Listen on the go
CORRECT!
Next question
touchONCOLOGY touchONCOLOGY
Lung Cancer
Read Time: 2 mins

Role of 4D Stereotactic Radiotherapy with the CyberKnife® System in the Treatment of Lung Cancer

Copy Link
Published Online: May 15th 2012 European Oncology & Haematology, 2012;8(3):189-191 DOI: https://doi.org/10.17925/EOH.2012.08.3.189
Authors: Joost J Nuyttens, Pierre-Yves Bondiau
Quick Links:
Abstract
Article
Article Information
Abstract:
Overview

Lung cancer remains in 2012 the leading cause of cancer-related deaths within the European Union. Although surgery still constitutes the standard treatment for lung cancer, it is not feasible for a large number of patients. Treatment of lung tumours thus requires an innovative treatment solution. The ability of the CyberKnife® stereotactic radiotherapy system to track and automatically correct for respiratory motion allows an increase of the radiation dose, and thus gives the opportunity to improve the efficacy of the treatment. In this article, an overview of this technology and its clinical benefits is provided and shows that it can offer an effective and safe option in the treatment of lung tumours, whether they are primary and early-stage, recurrent or secondary, as well as peripheral or central.

Keywords

Lung cancer, stereotactic body radiation therapy (SBRT), CyberKnife® system, mobile targets, Synchrony® tracking system, early-stage lung cancer, peripheral lung tumour, central lung tumour, re-irradiation

Article:

Lung cancer has been the world’s most frequent cancer, as well as the world’s leading cause of cancer-related deaths, for several decades.1 It remains today the leading cancer in males2 and, even if incidence rates are generally lower, it represents among females the fourth most frequent cancer and the second most common cause of death from cancer.1 Furthermore, the distribution of histological subtypes has considerably changed over the recent decades, with an increasing frequency of adenocarcinoma compared with squamous cell carcinoma.3 In the European Union, in 2008, lung cancer represented an incidence of 391,000, making it the third most frequent cancer after colorectal and breast cancer.4 However, with an estimated 342,000 related deaths in 2008, it is the number one killer cancer.4 Although the mortality rate in men has been decreasing for more than 20 years, the mortality rate in women has been increasing in many European countries2 and rose from 12.6/100,000 in 2007 to 13.1/100,000 in 2011.5 As a consequence, it tends to approach and sometimes exceed the mortality rate of breast cancer, as was the case in the UK and Poland, where lung cancer was the leading cause of cancer-related deaths in women from 2007 to 2008. The lung cancer epidemic in women is still expanding.6 Predictions for the year 2012 show a 7 % increase of lung cancer in European females.5

Treatments for Patients with Lung Cancer and Their Side Effects
Clinical management and prognosis of lung cancer depend on the histological type of cancer, its stage and the general state of health of the patient. Non-small-cell lung cancer (NSCLC, 75–80 % of lung cancers) is primarily treated with surgery, while limited small-cell lung cancer (SCLC, 20–25 % of lung cancers) is usually treated with chemotherapy and radiotherapy.
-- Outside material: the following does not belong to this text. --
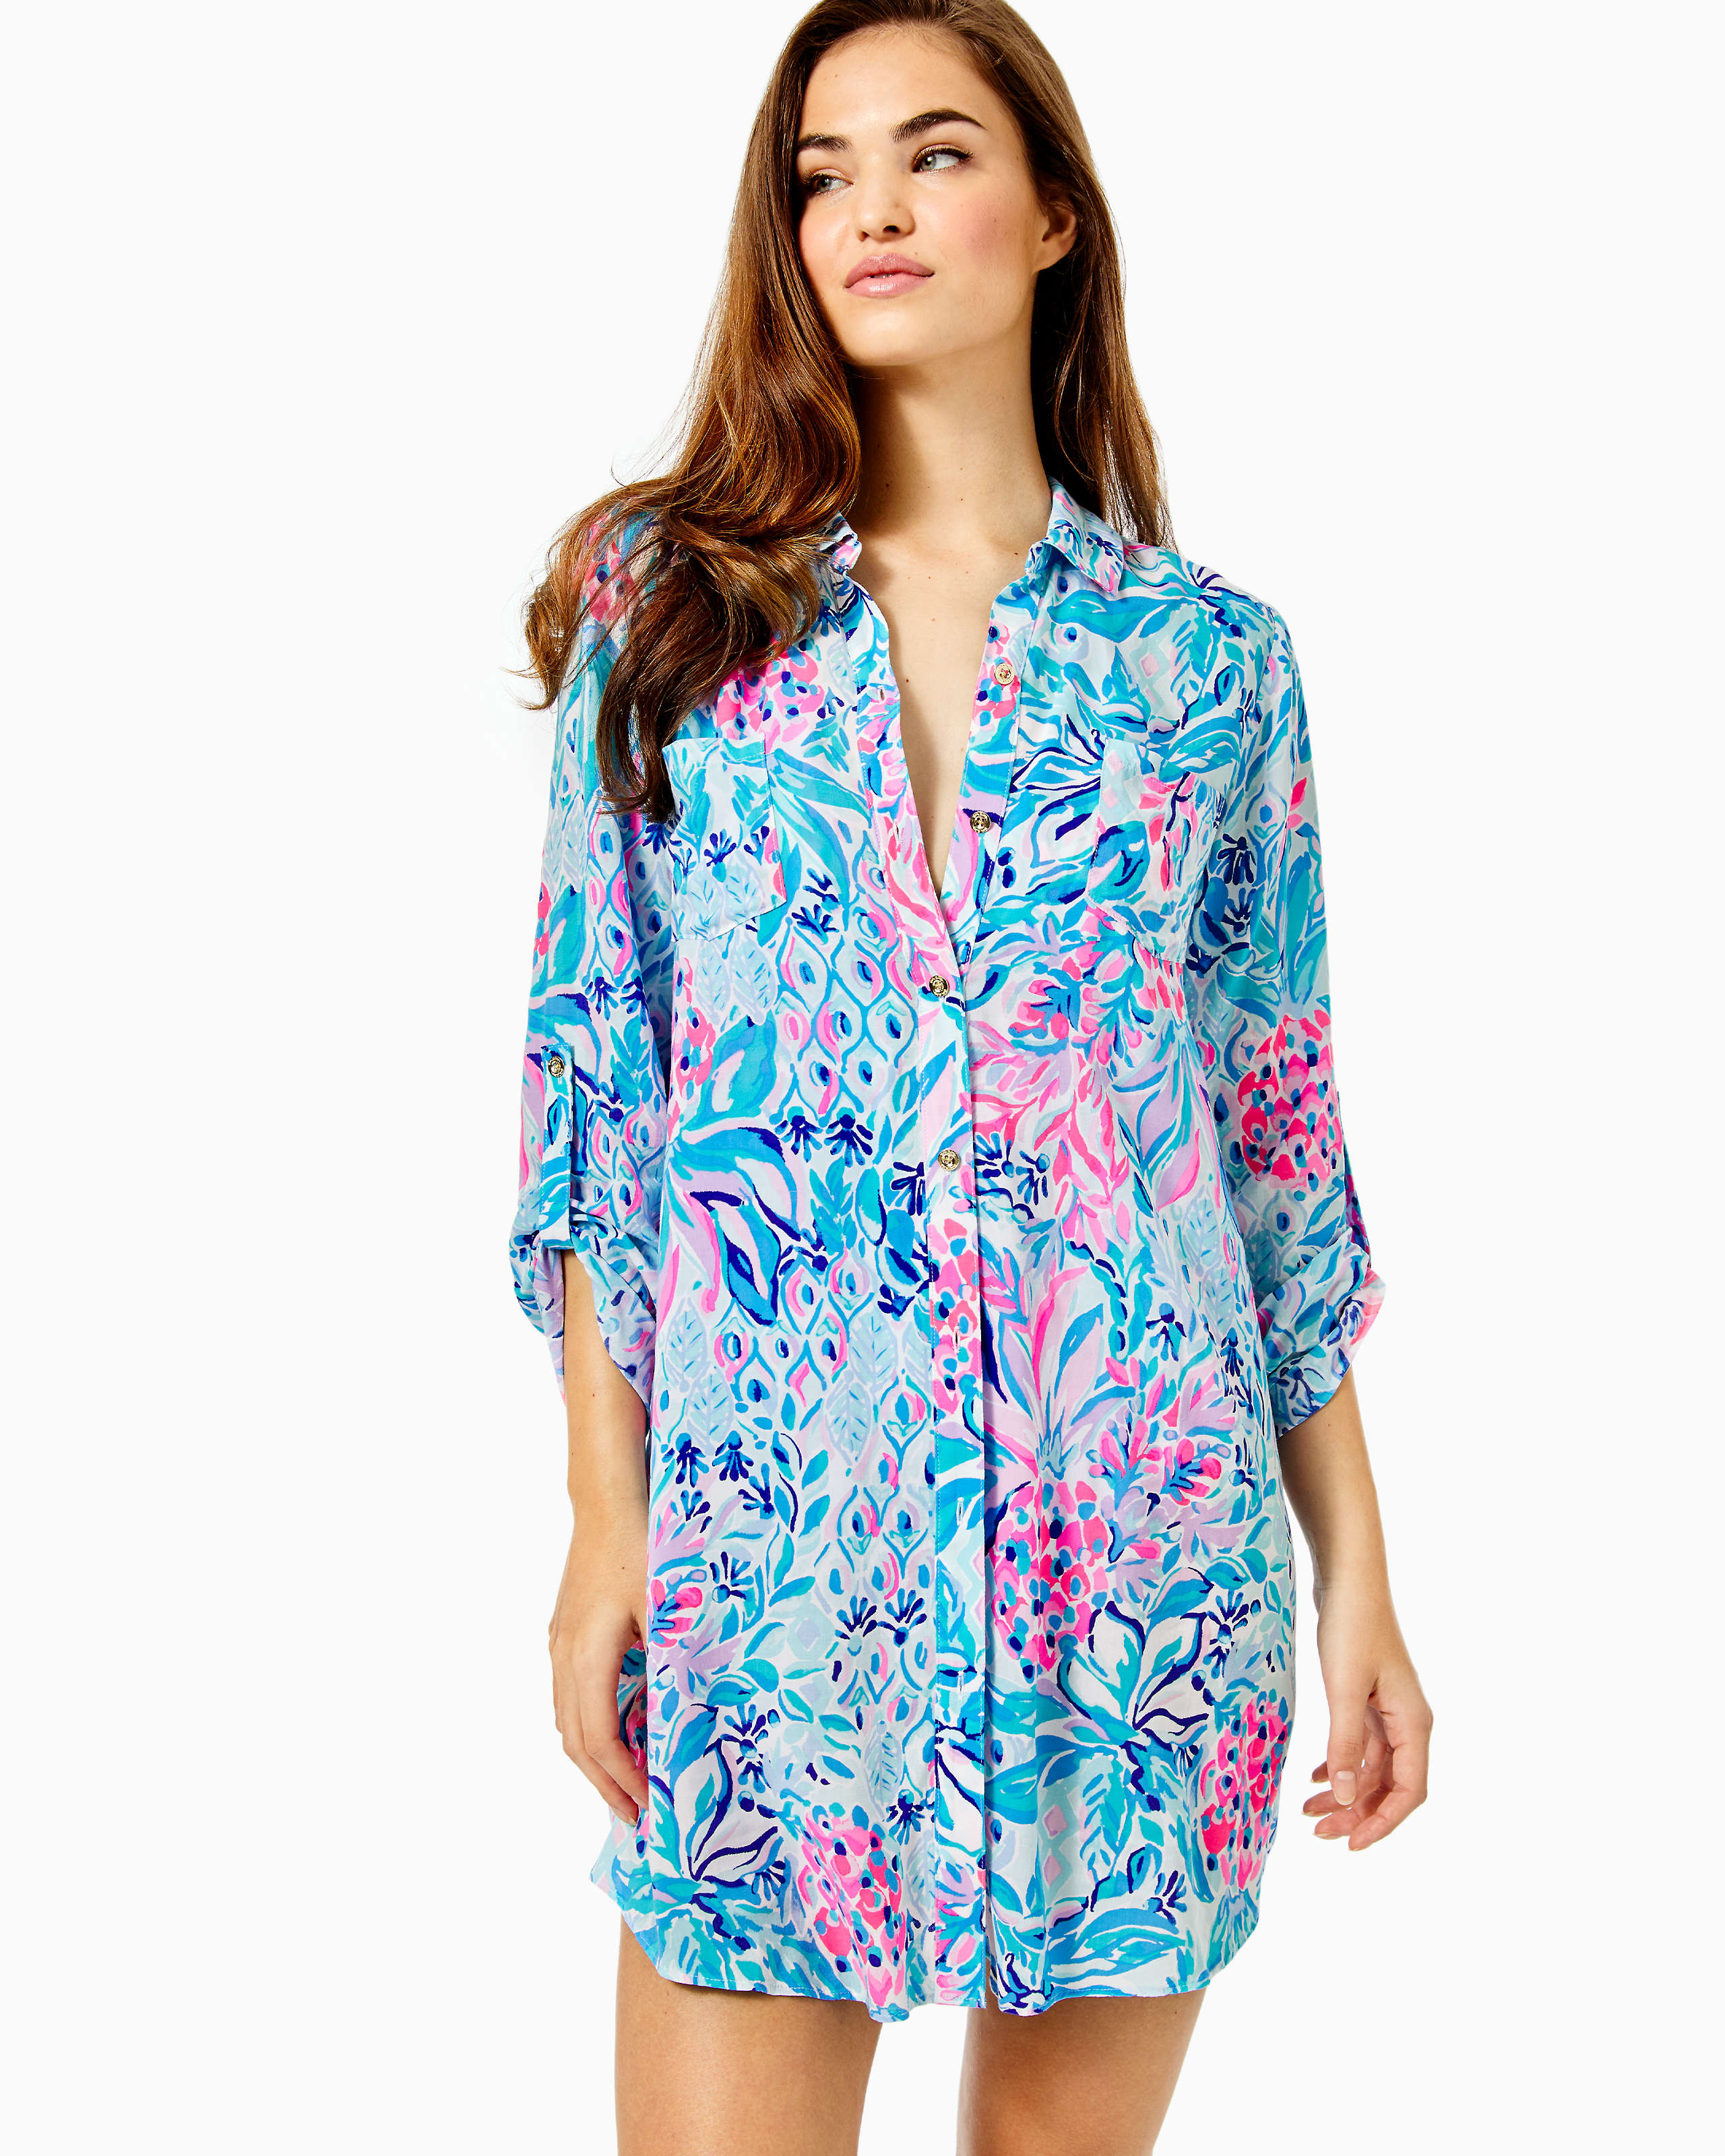 Best Of: Lilly Pulitzer Sale | Kelly in the City | Lifestyle Blog

To view the full article in PDF or eBook formats, please click on the icons above.

Article Information:
Disclosure

The authors have no conflicts of interest to declare.

Correspondence

Joost J Nuyttens, Erasmus MC-Daniel den Hoed Cancer Center, Department of Radiation Oncology, Postbus 2040–3000 CA, Rotterdam, The Netherlands. E: j.nuyttens@erasmusmc.nl

Support

The publication of this article was funded by Accuray®. The views and opinions expressed are those of the authors and not necessarily those of Accuray®.

Received

2012-04-13T00:00:00

References

  1. Ferlay J, Shin HR, Bray F, et al., Estimates of worldwide burden of cancer in 2008: GLOBOCAN 2008, Int J Cancer, 2010;127:2893–917.
  2. Jemal A, Bray F, Center MM, et al., Global cancer statistics, CA Cancer J Clin, 2011;61:69–90.
  3. Quoix E, Lemarié E, Epidemiological novelties in lung cancer, Rev Mal Respir, 2011;28:1048–58.
  4. Ferlay J, Parkin DM, Steliarova-Foucher E., Estimates of cancer incidence and mortality in Europe in 2008, Eur J Cancer, 2010;46:765–81.
  5. Malvezzi M, Bertuccio P, Levi F, et al., European cancer mortality predictions for the year 2012, Ann Oncol, 2012;23:1044–52.
  6. Malvezzi M, Arfe A, Bertuccio P, et al., European cancer mortality predictions for the year 2011, Ann Oncol, 2011;22:947–56.
  7. Strand T-E, Rostad H, Damhuis RAM, et al., Risk factors for 30-day mortality after resection of lung cancer and prediction of their magnitude, Thorax, 2007;62:991–7.
  8. Mountain CF, Revisions in the international system for staging lung cancer, Chest, 1997;111:1710–7.
  9. Munden RF, Swisher SS, Stevens CW, et al., Imaging of the patient with non-small cell lung cancer, Radiology, 2005;237:805–18.
  10. Handy JR Jr, Asaph JW, Skokan L, et al., What happens to patients undergoing lung cancer surgery? Outcomes and quality of life before and after surgery, Chest, 2002;122:21–30.
  11. Schulte T, Schniewind B, Dohrmann P, et al., The extent of lung parenchyma resection significantly impacts long-term quality of life in patients with non-small cell lung cancer, Chest, 2009;135:322–9.
  12. Prevost JB, Voet P, Hoogeman M, et al. Four-dimensional stereotactic radiotherapy for early stage non-small cell lung cancer: a comparative planning study, Technol Cancer Res Treat, 2008;7:27–33.
  13. Martin A, Gaya A., Stereotactic body radiotherapy: a review, Clin Oncol, 2010;22:157–72.
  14. Lartigau E, Mirabel X, Prevost B, et al., Extracranial stereotactic radiotherapy: preliminary results with the CyberKnife, Onkologie, 2009;32:209–15.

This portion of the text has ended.